**Task:** Take the entries below and reproduce exactly the portion that begins at the line containing "YOUR SECRET CRUSH" and ends at the line containing "Fendi Multicolor Shirt", keeping both ends, dropping pictures, and adding nothing else.

**Given data:**

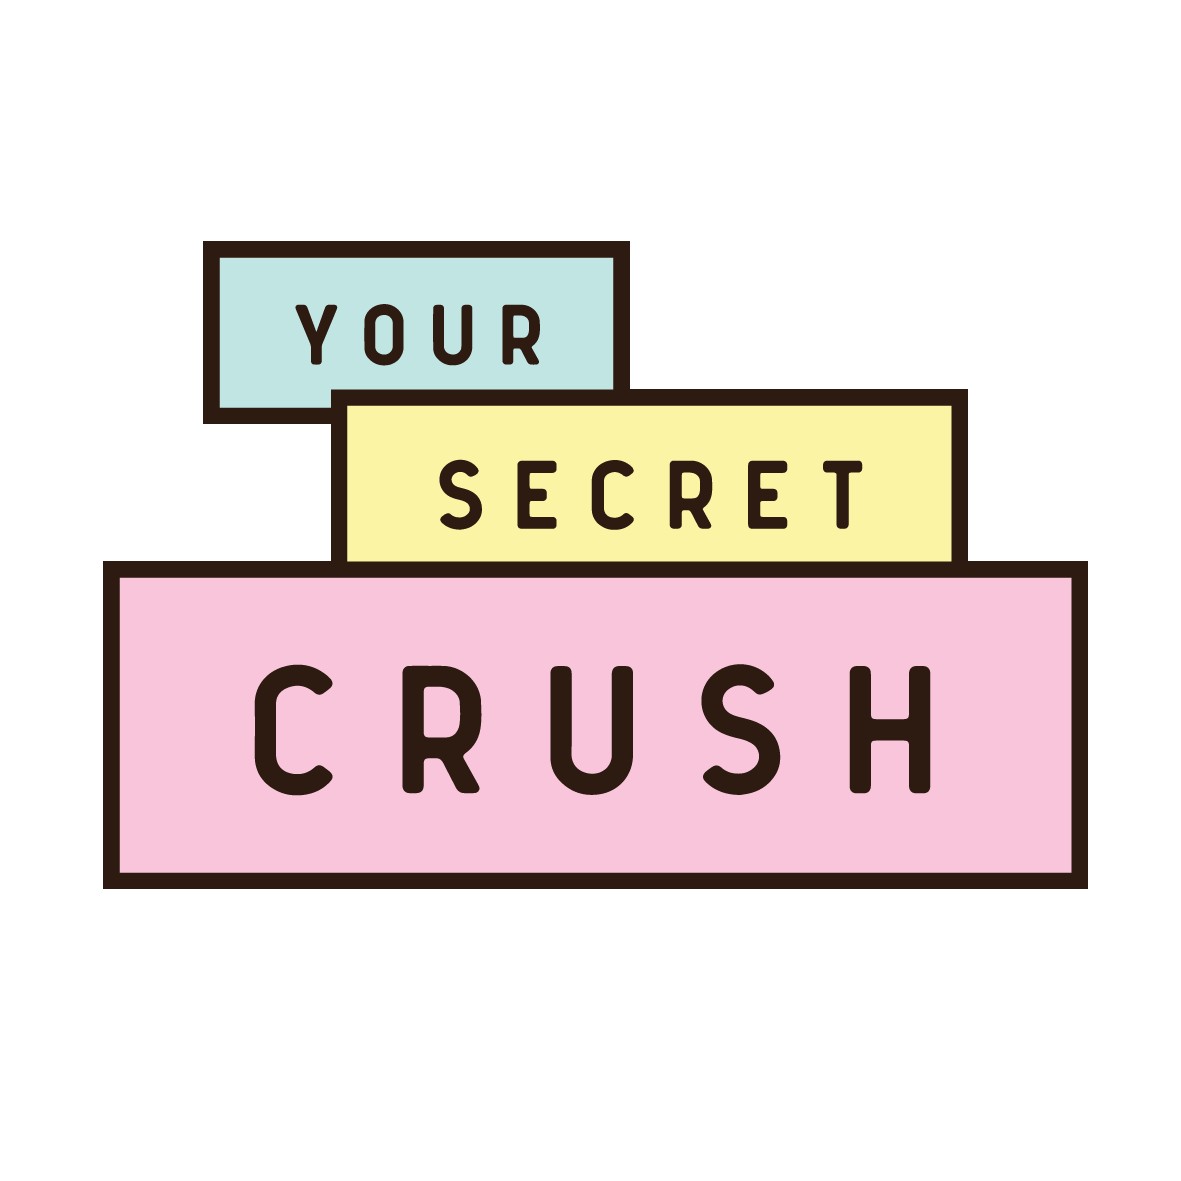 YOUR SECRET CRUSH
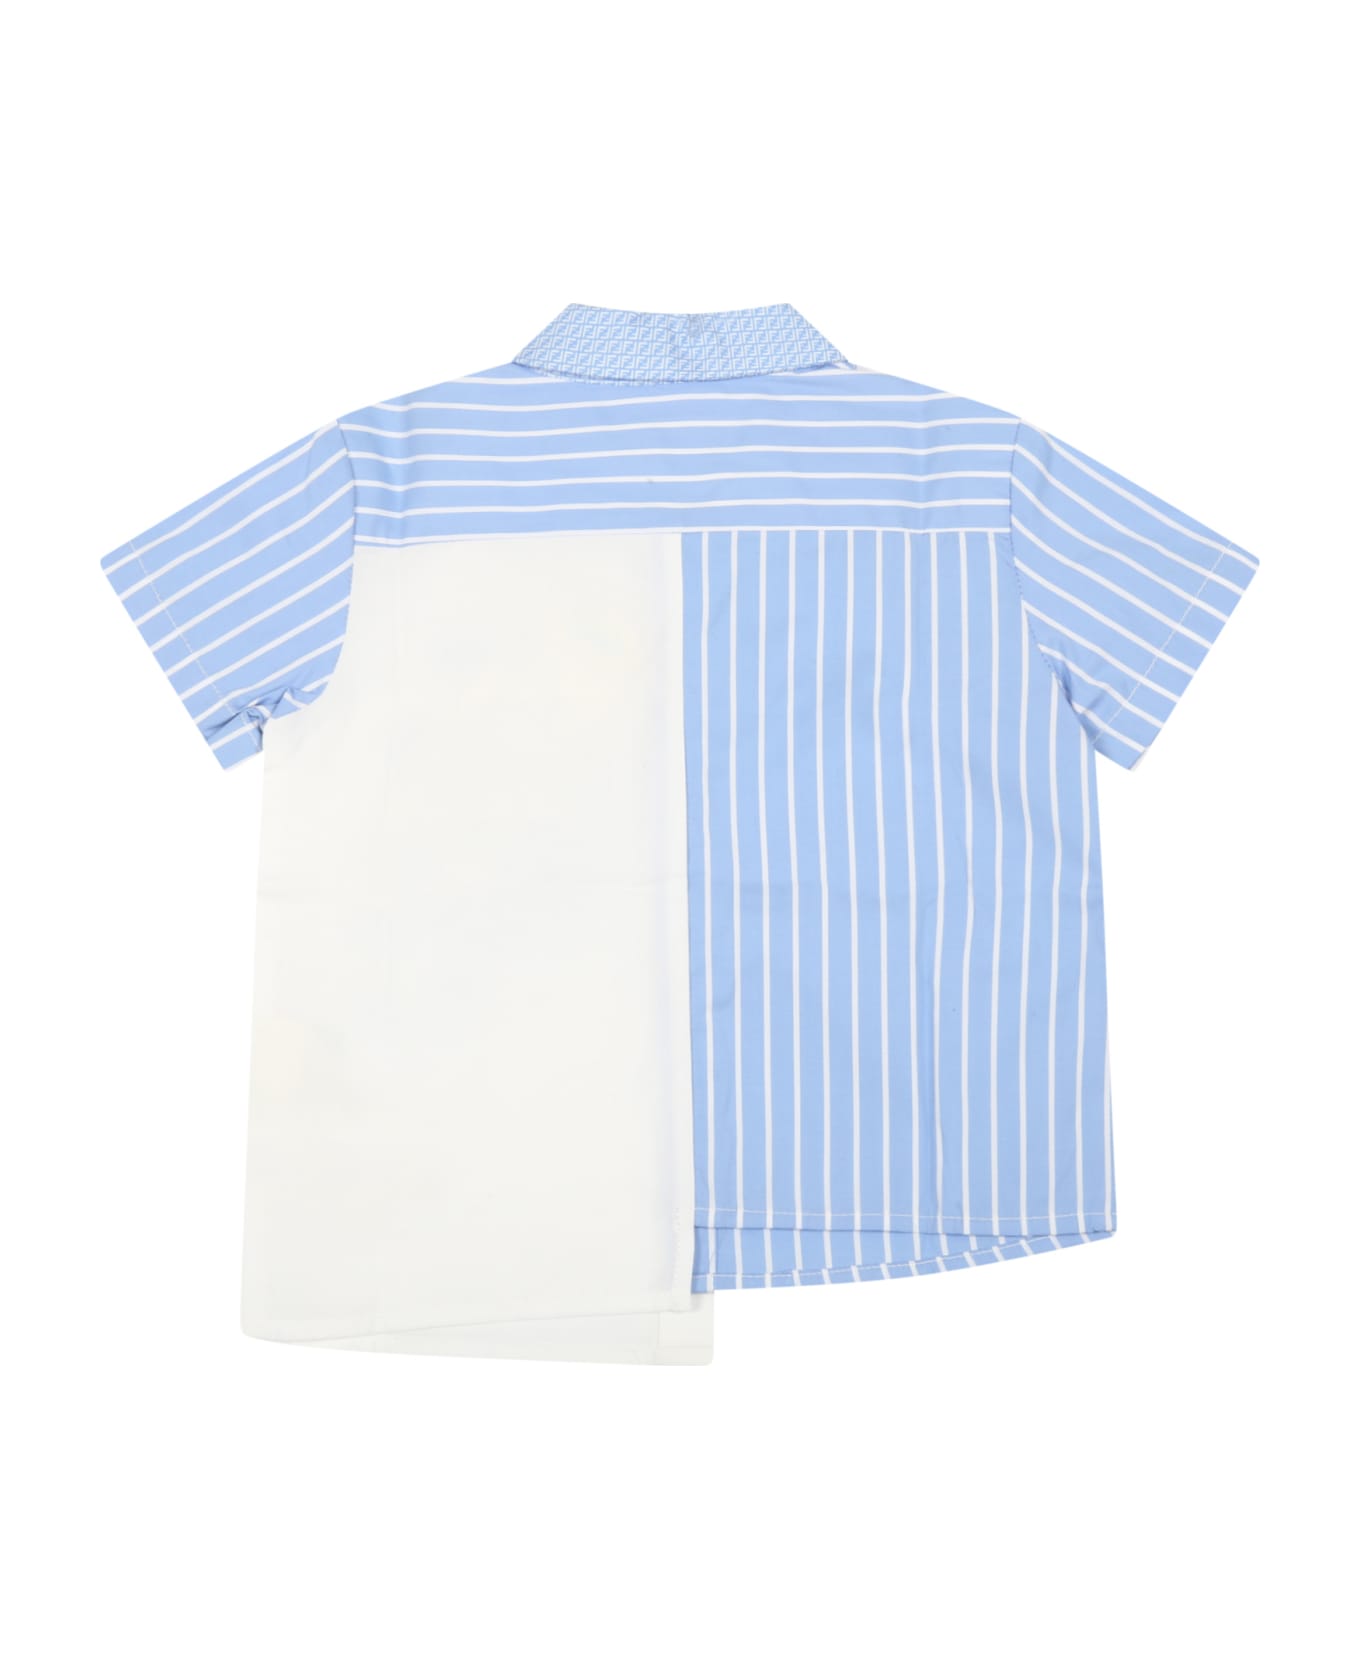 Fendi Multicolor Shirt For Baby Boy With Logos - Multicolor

==

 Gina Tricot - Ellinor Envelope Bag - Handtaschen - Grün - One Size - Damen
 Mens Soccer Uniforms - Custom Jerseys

**Reply:**
 YOUR SECRET CRUSH
 Fendi Multicolor Shirt For Baby Boy With Logos - Multicolor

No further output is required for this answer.